Grafana Labs open-sources o11y-bench and expands AI observability tools to OSS users, aiming to standardise how AI agents are monitored and evaluated at scale.
Grafana Labs has advanced its open-source strategy for AI systems by open-sourcing o11y-bench, a new benchmark designed to evaluate AI agents in real-world observability workflows, while extending AI-powered tooling to Grafana OSS environments.
The o11y-bench framework, built on Harbor and designed to run on live Grafana stacks, measures how agents perform across metrics, logs, and traces, incident investigations, and dashboard modifications. Unlike conventional benchmarks, it focuses on real-world agent behaviour rather than static outputs, aiming to standardise evaluation across open, multi-tool observability ecosystems.
Alongside this, the company introduced AI Observability in Grafana Cloud (public preview), enabling real-time monitoring of LLM-powered applications. The platform provides visibility into inputs, outputs, and execution flows, while continuously evaluating responses for anomalies, policy violations, and risks such as data leakage or misuse. It also elevates agent interactions into telemetry signals, addressing gaps where traditional observability fails to capture silent degradation or inconsistent AI behaviour.
Grafana Assistant has been expanded beyond cloud environments to include on-premises Grafana Enterprise and Grafana OSS (via cloud integration), bringing AI-assisted monitoring, automation, and workflow orchestration into open deployments.

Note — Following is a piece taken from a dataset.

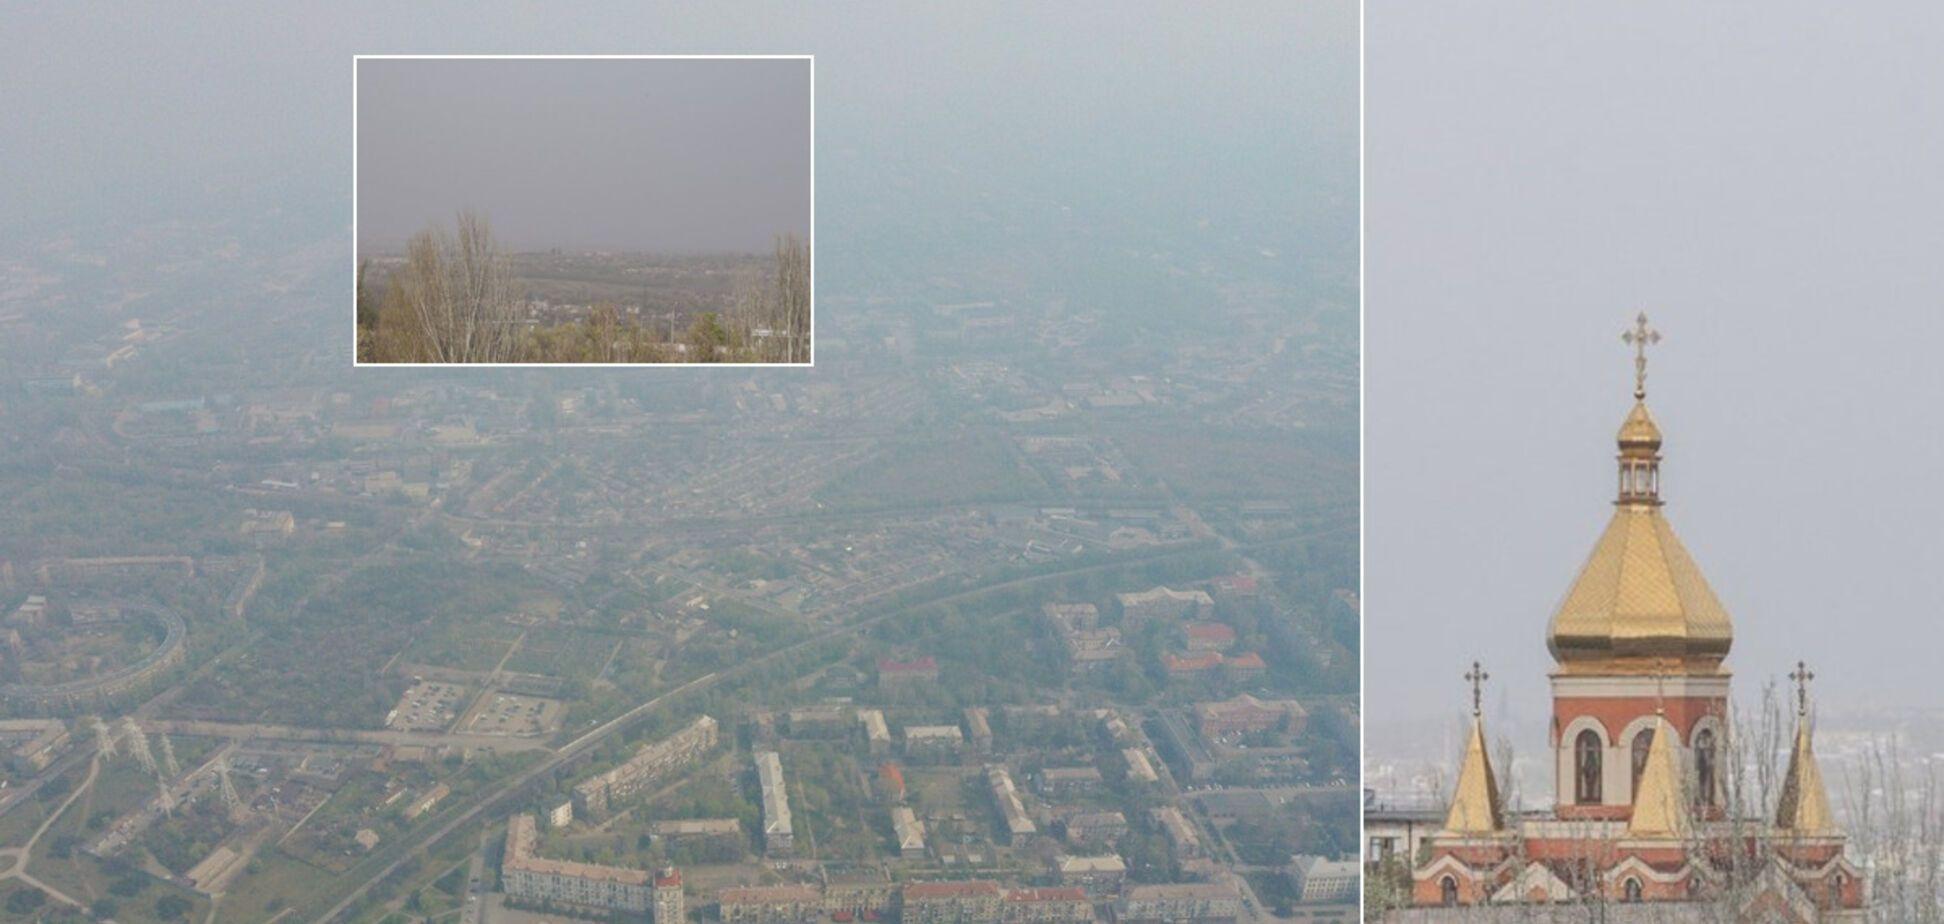 Міста України потонули в смозі: що відбувається та коли закінчиться пилове пекло

Further strengthening agent-driven workflows, the new Grafana Cloud CLI (GCX) integrates observability directly into AI-native development environments, enabling agents to query telemetry, correlate code changes, and recommend fixes.
“AI systems are starting to look a lot like distributed systems did a decade ago: powerful, but difficult to reason about and even harder to operate,” said Jen Villa.
“AI breaks in ways traditional observability wasn’t designed for,” added Mat Ryer.
These moves reinforce Grafana Labs’ open-core approach, combining commercial cloud capabilities with open standards, open ecosystems, and community-driven innovation for AI observability.